DETAILED DESCRIPTION OF THE INVENTION

[0001]

The present invention relates to a method of manufacturing a field effect transistor (FET), and more particularly, to a method of manufacturing an FET manufactured by using a replacement gate process.

[0002]

2. Description of the Related Art Along with miniaturization of an FET structure, it is desired to make a gate oxide film as a gate insulating film thinner. For example, to put the desired FET structure into practical use,
It is required that the gate length be 100 nm or less, and accordingly, the thickness of the gate oxide film is required to be 2 nm or less. However, when the thickness of the gate oxide film is 2 nm or less, the leak current increases, and as a result, the power consumption increases and the circuit operation deteriorates, so that it has been difficult to put the gate oxide film to practical use. Therefore, as a gate insulating film,
A method of reducing a leakage current by using a high dielectric film having a higher relative dielectric constant than an oxide film (SiO ₂ ) to reduce the physical film thickness and increase the electrical film thickness has been adopted. . However, since many high-dielectric materials have low heat resistance (for example, the heat resistance temperature of BST is 800 ° C.), activation annealing (about 1000 ° C.) for forming the source diffusion layer and the drain diffusion layer is performed. Is performed, silicide and a compound such as SiO ₂ are formed by a reaction between the high dielectric film and the gate electrode, or SiO ₂ or the like is formed by interfacial oxidation between the high dielectric film and the silicon substrate. A layer having a lower dielectric constant than the dielectric constant of the dielectric film is formed. The formed layer having a low relative dielectric constant is connected in series with the high dielectric film, thereby reducing the gate capacitance. As a result, the gate capacitance of the high dielectric film used to increase the gate capacitance is reduced. The effect of increase cannot be obtained.

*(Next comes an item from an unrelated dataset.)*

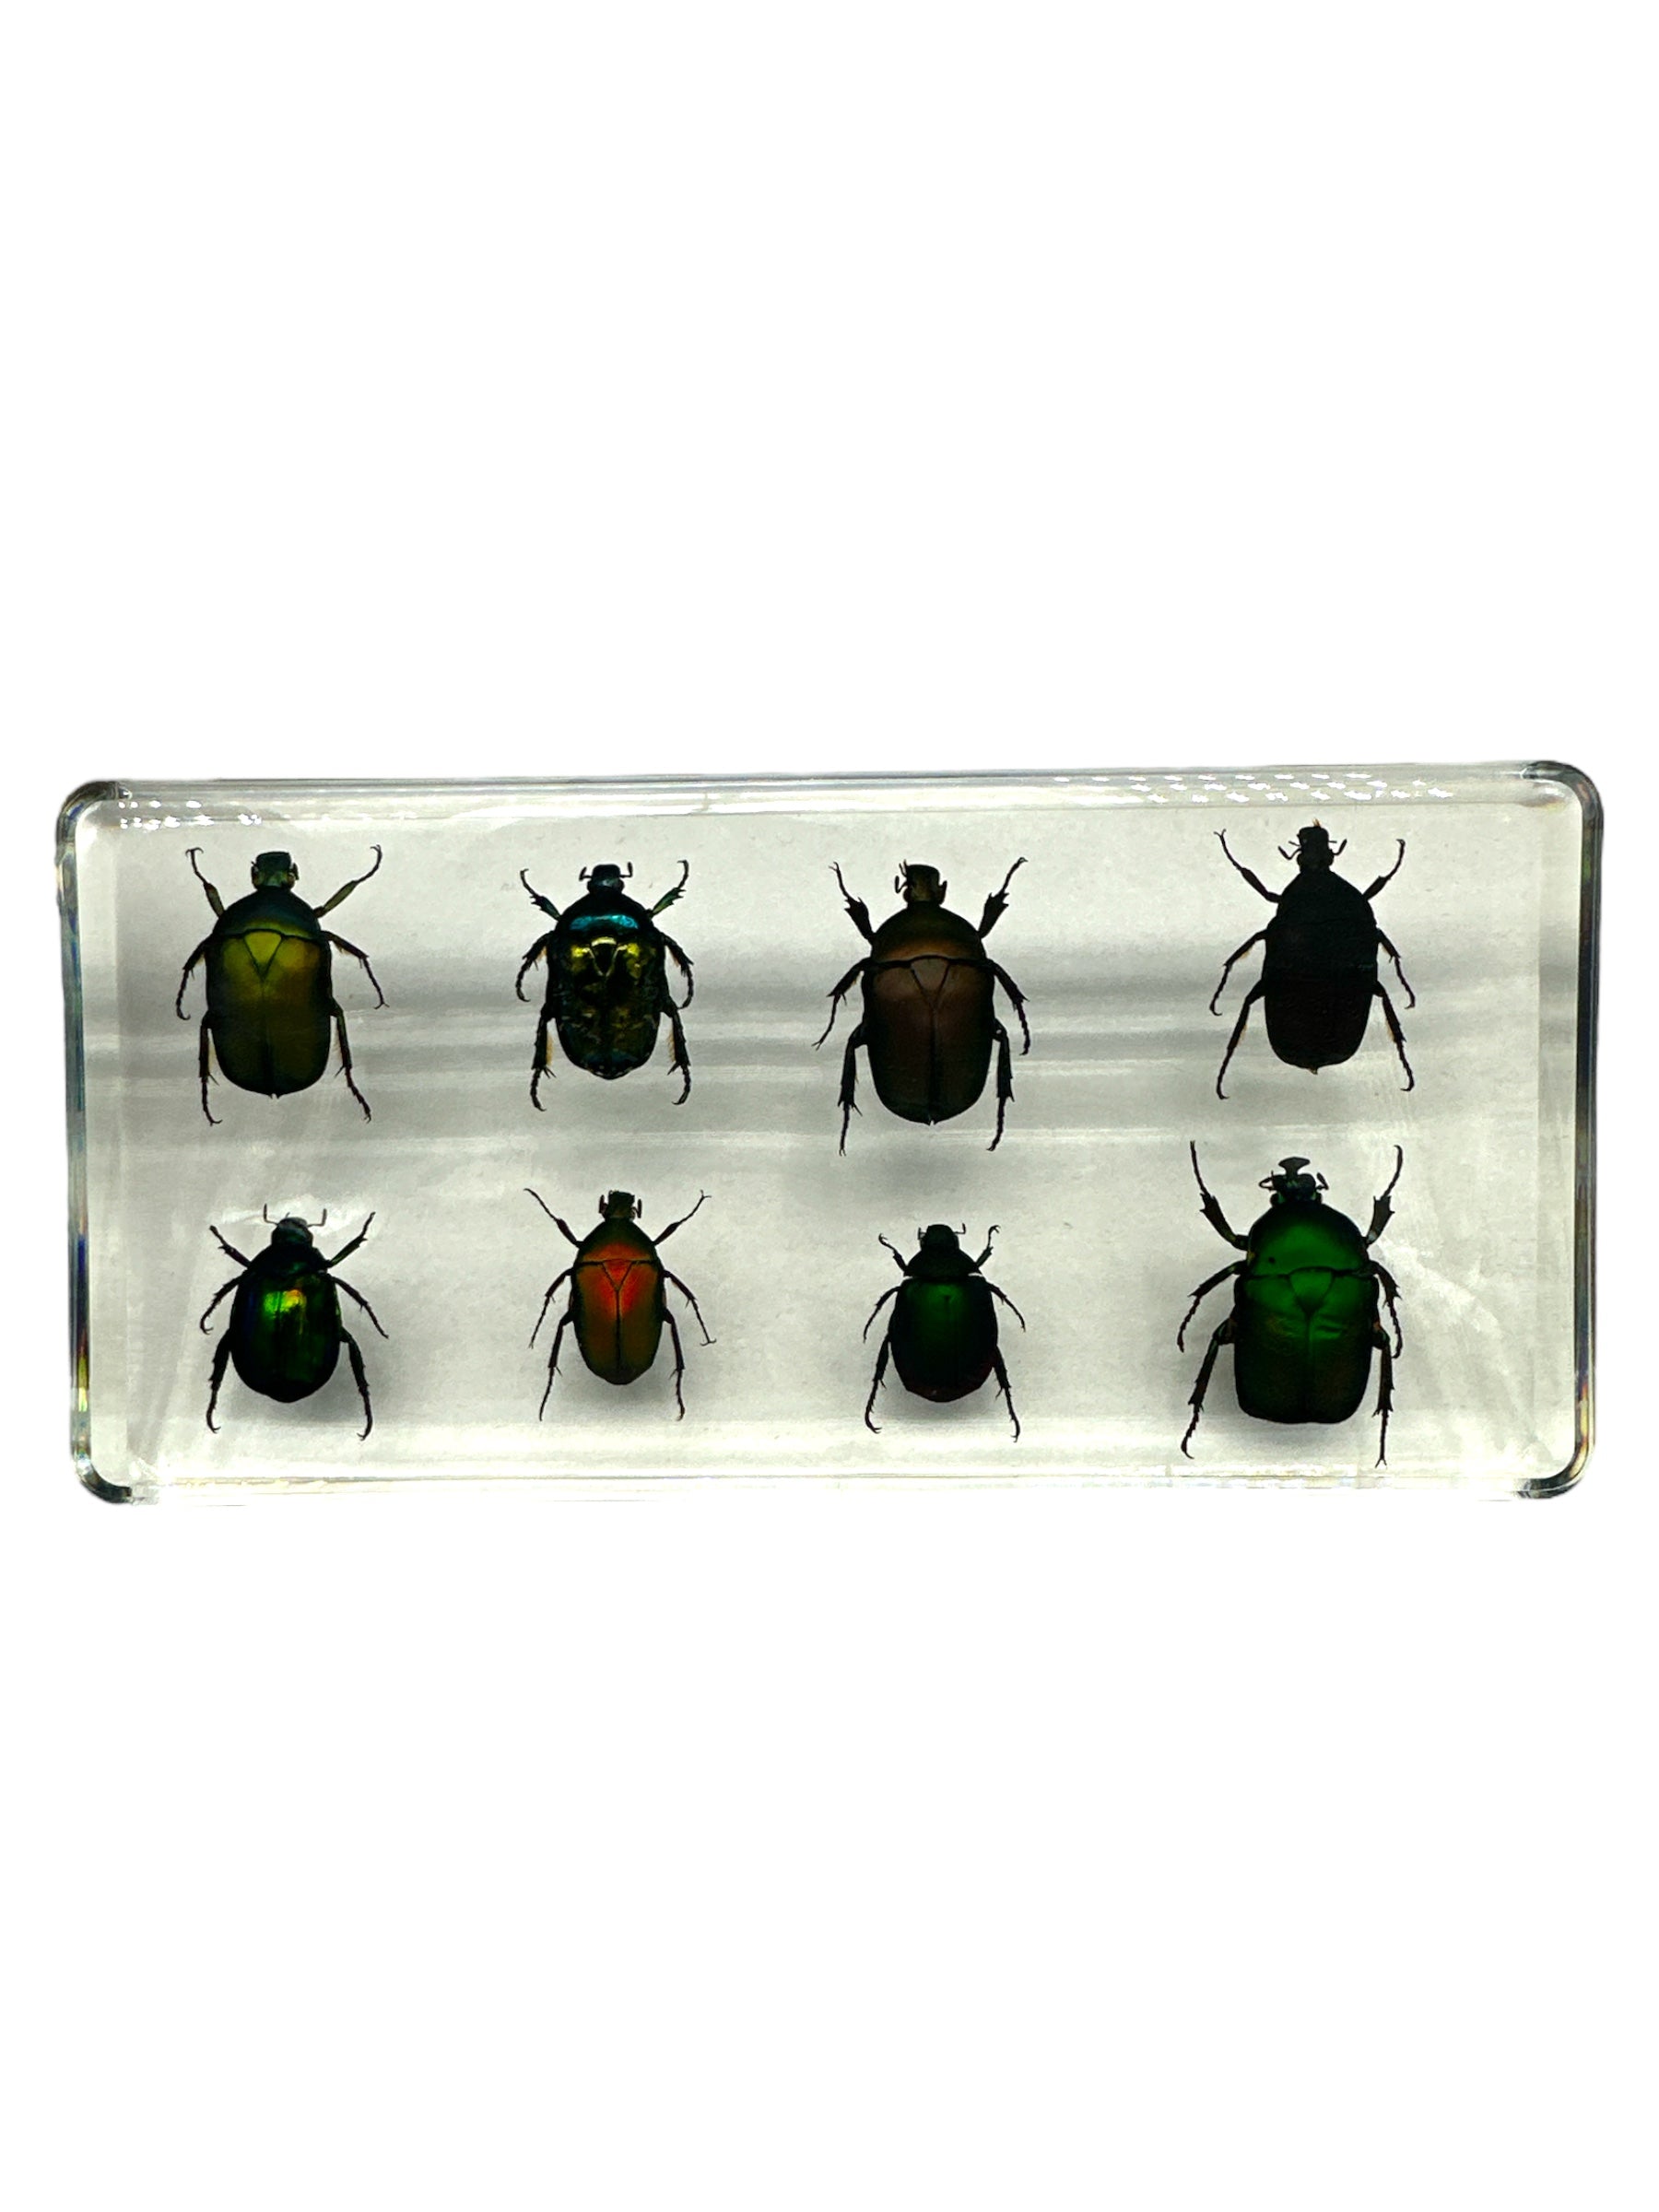 8 Rose Chafer Beetles Set - Specimen In Resin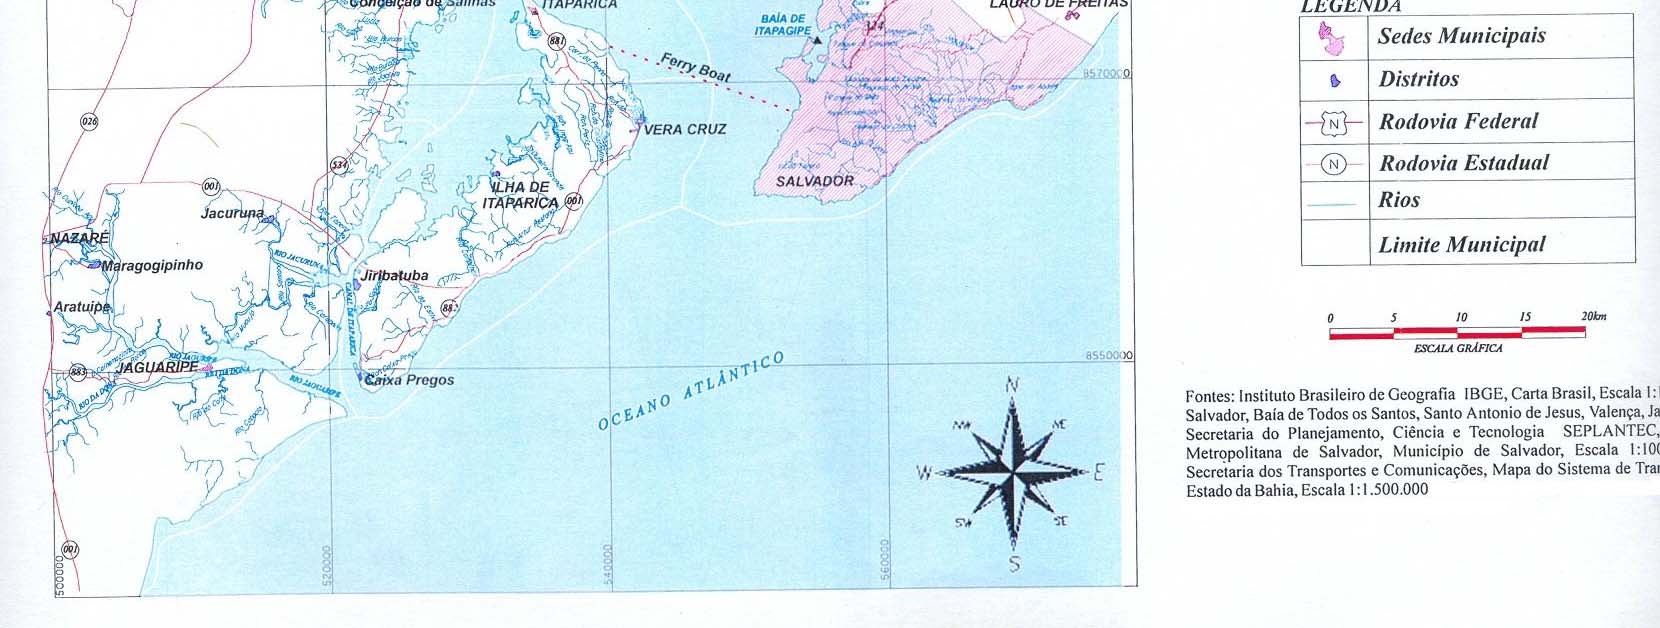 Anexo 06 Localização, divisão política e sistema viário da Baía de

As a method of manufacturing an FET that solves such a problem, a method of manufacturing an FET that performs an annealing process after forming a gate insulating film and a gate electrode is described below.
There is a method of manufacturing an FET using a replacement gate process in which a gate insulating film and a gate electrode are formed after an annealing process. In a method of manufacturing a MOSFET using a replacement gate process, a dummy replacement gate wall to be removed in a later step is provided for ion implantation for forming a source diffusion layer and a drain diffusion layer. Next, an annealing process for diffusing implanted ions is performed to form a source diffusion layer and a drain diffusion layer, and the replacement gate wall is removed to form a gate insulating film and a gate electrode. In the method using the replacement gate process, a material having low heat resistance can be used as a material for the gate insulating film and the gate electrode.

FIGS. 2A to 2F are cross-sectional views showing a method of manufacturing a semiconductor device using a conventional replacement gate process. The manufacturing method shown in FIG. 2 is a method for manufacturing an FET using a replacement gate process. In FIG. 2, 2
1 is a substrate made of Si or the like, 22 is a substituted gate insulating film made of SiO ₂ or the like, 23 is a substituted gate wall made of a silicon nitride film, 24 is a source diffusion layer, 25 is a drain diffusion layer,
26 is an interlayer insulating film made of PSG or the like, 27 is a gate insulating film made of Al ₂ O ₃ or the like, 28 is a gate electrode made of Al or the like, 29 is a mask, 30 is an interlayer insulating film made of PSG or the like, and 31 is Al And the like.

Next, a method of manufacturing the same will be described.

[0006] First, as shown in FIG. ₂ (a), SiO 2
Onto a silicon substrate 21 on which an insulating film made of
For example, after a silicon nitride film is deposited by a CVD method, a mask is formed using a photo-developing technique, and the insulating film and the silicon nitride film are selectively etched to form a replacement gate insulating film 22 and a replacement gate wall 23. Is formed, and the substrate 21 where the replacement gate insulating film 22 and the replacement gate wall 23 are not formed is exposed.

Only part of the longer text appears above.